Rare Inherited Anaemias
About this PSP
There are very few treatments available for rare inherited anaemias. In some cases there is no treatment at all. Sometimes all that is available is blood transfusions. Because these conditions are very rare, there is very little research being done about them.
The specific anaemias that this PSP is worked with are:
Diamond-Blackfan Anaemia, Congenital Dyserythropoietic Anaemia, Congenital Sideroblastic Anaemia, Red Cell Membrane Disorders, Red Cell Enzyme Disorders, Transfusion-Dependent Unexplained Inherited Anaemias.
Dr NoƩmi Roy, the clinical research fellow who lead the PSP, said:
"This has changed how I practice medicine. It has changed my understanding of what it means to listen to patients. It has changed the language I use when I speak with them. Most importantly it has changed my vision of how to deliver the care we give them. It has made it our vision."
The Rare Inherited Anaemias PSP published its Top 10 in June 2018.
Key documents
Top 10 Priorities
- Would a national formal network of clinicians with expertise and /or a national MDT (multidisciplinary team meeting) improve care for patients with rare inherited anaemias?
- Can the diagnostic pathways in rare inherited anaemias be improved to provide faster and more accurate diagnoses in a cost effective manner?
- Could an understanding of the cellular and molecular processes in red blood cell production lead to new treatments?
- Could the need for iron chelation be reduced? Could current approaches and monitoring be improved?
- How do existing drugs for rare inherited anaemias work? Could this understanding lead to new treatments and new ways of delivering treatments?
- How can the fatigue of severe anaemia be managed (apart from blood transfusions)?
- Would a register of all rare inherited anaemia patients in the UK (including data and samples) improve care?
- How is quality of life affected by rare anaemia and its treatment? How could this be improved for patients?
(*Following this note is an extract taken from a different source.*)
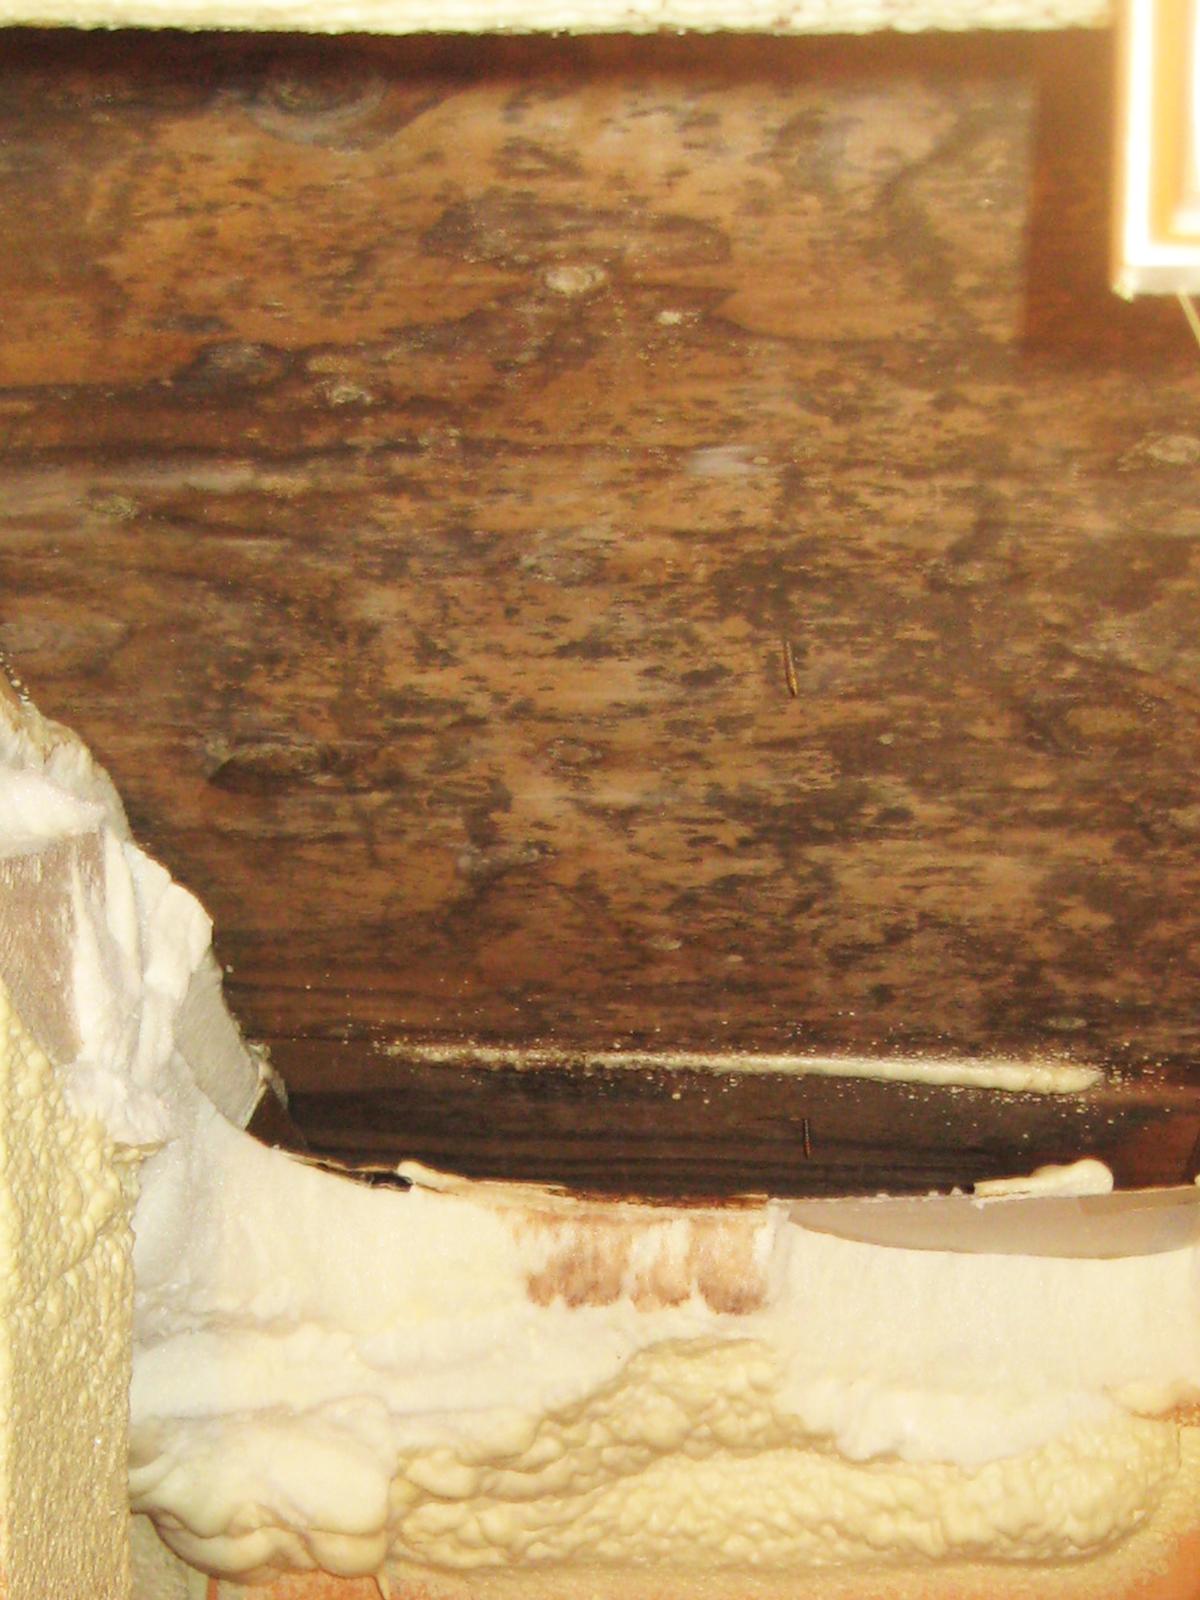 室内の漆喰や珪藻土に発生するカビ(家の外壁部分の場合)

- What factors indicate that a person with a rare inherited anaemia needs a transfusion, and what is the best regime to maintain safety and quality of life?
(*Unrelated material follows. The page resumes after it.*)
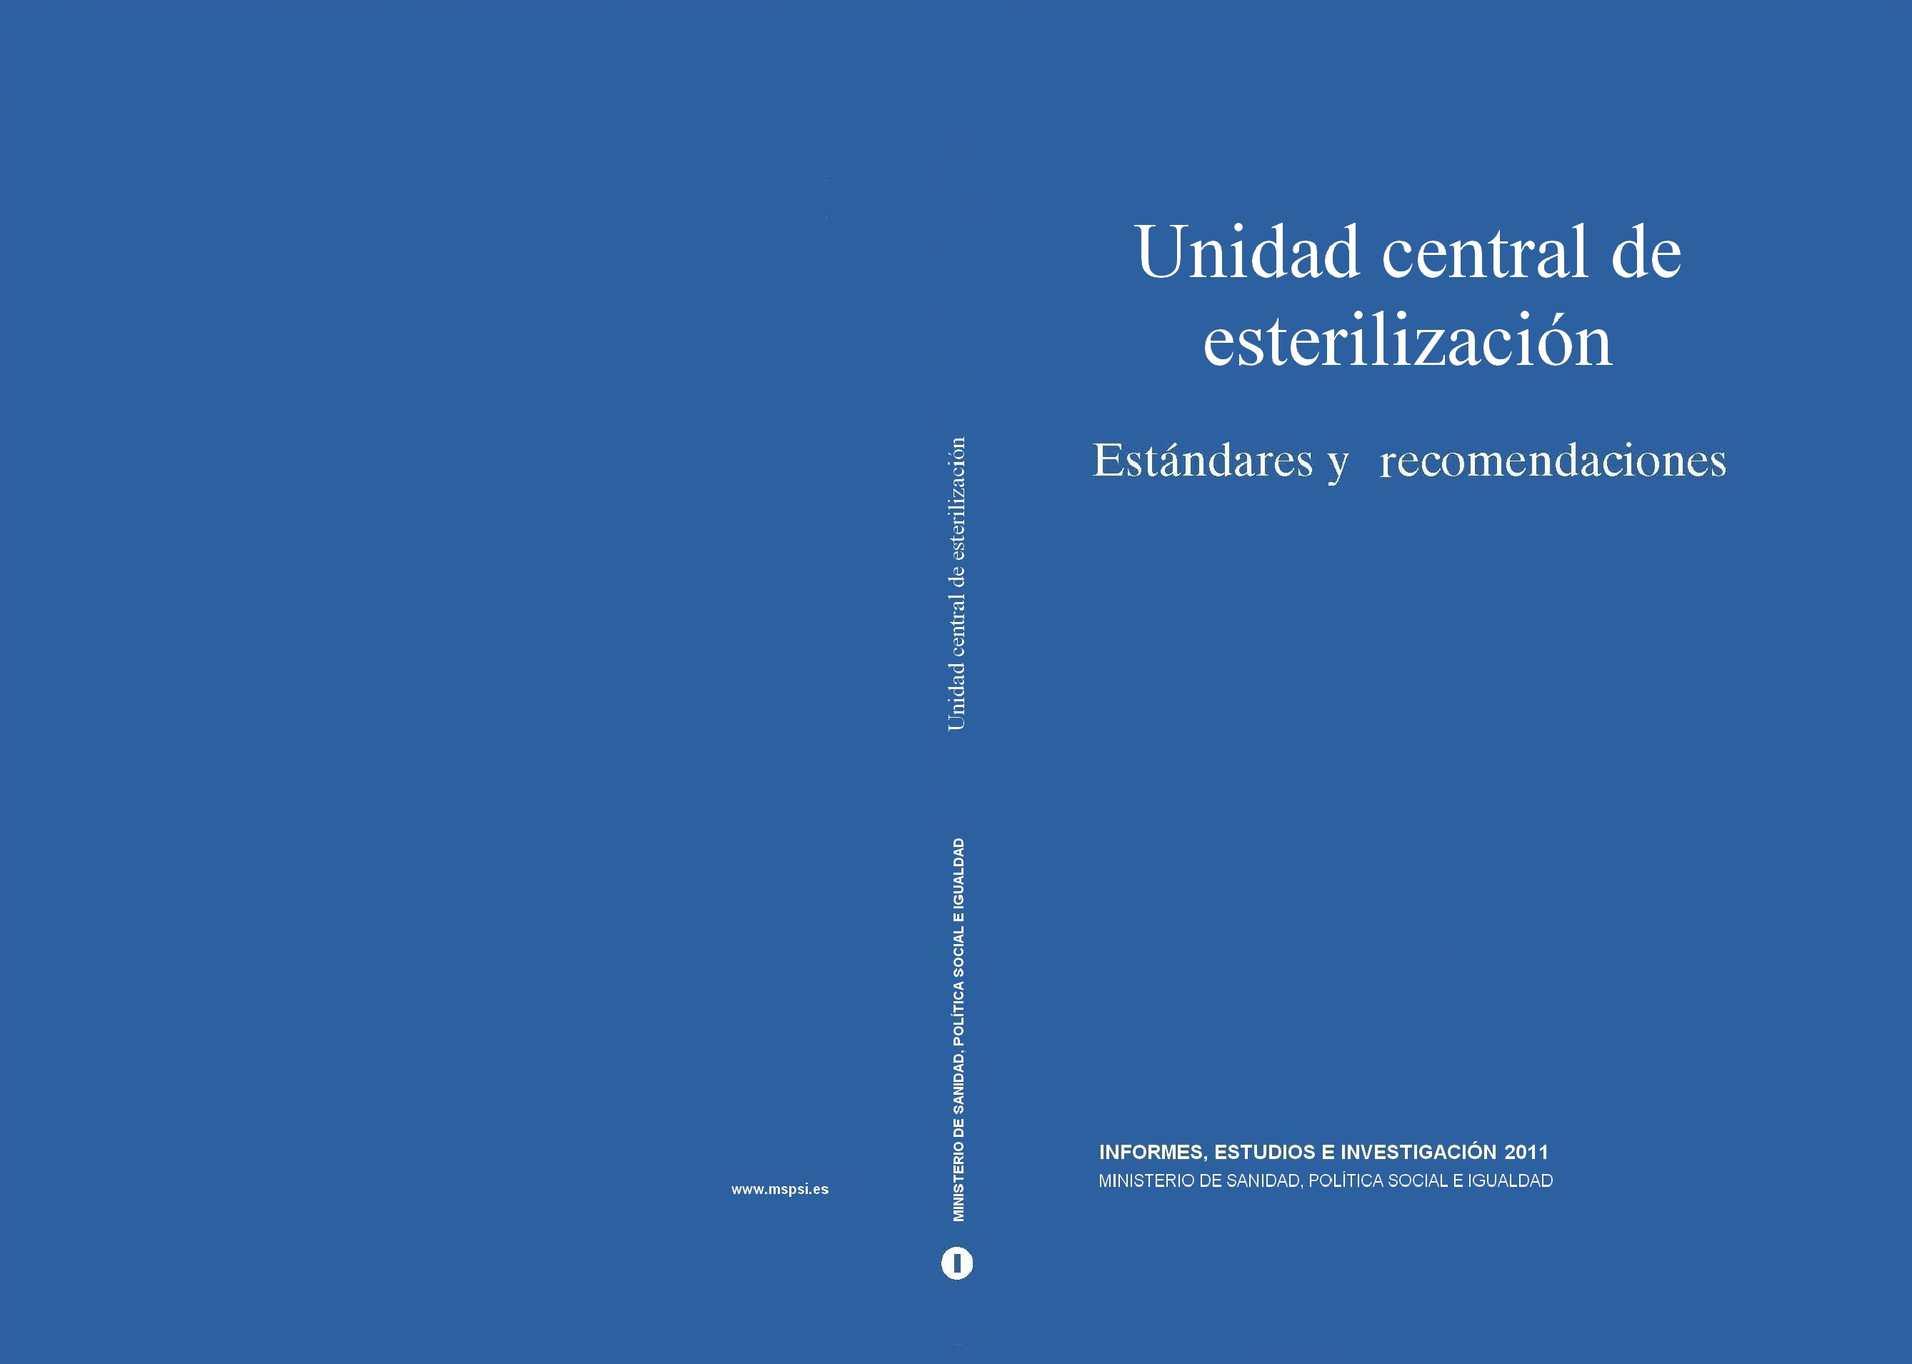 Calaméo - Unidad central de esterilización

- How can high quality care be sustained throughout a patient's lifetime (e.g. from child to adult and into old age)?
The following questions were also discussed and put in order of priority at the workshop:
- Are there existing drugs for anaemias (or other conditions) that could be used to treat rare inherited anaemias?
- Could therapies that repair faulty genes cure rare inherited anaemias?
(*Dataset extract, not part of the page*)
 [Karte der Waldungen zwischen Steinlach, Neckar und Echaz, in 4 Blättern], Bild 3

- How can we predict which patients will respond to particular treatments and tailor treatments to the individual?
- What are the psychological impacts of rare anaemias on patients and their families?
- What are the long-term side effects of treatment and how can they be reduced?
- What are the social impacts (on education, work-life and income) of rare inherited anaemia? How can these be improved?
- What are the precise genetic mutations causing different types of rare inherited anaemia and variation between people with the same type of rare inherited anaemia?
- What is the role of next generation sequencing (NGS) in the diagnostic pathway for rare inherited anaemias?
- Would a registry of patients help provide accurate data on the number of people affected by rare inherited anaemias in the UK?
- Are there biomarkers for rare anaemia? Could this be used to develop new treatments?
- What are the risks in pregnancy (for mother and child) for women with rare inherited anaemia?
- What factors determine which patients are best treated by bone marrow transplant?
- Could new technology (e.g. phone apps and wearable trackers) be used to support selfmanagement (e.g. to determine the need of transfusion)?
- Are there non-invasive ways of measuring blood haemoglobin levels that could be accurate enough to be used in clinical practice?
- What is the risk of cancer for people with rare inherited anaemia?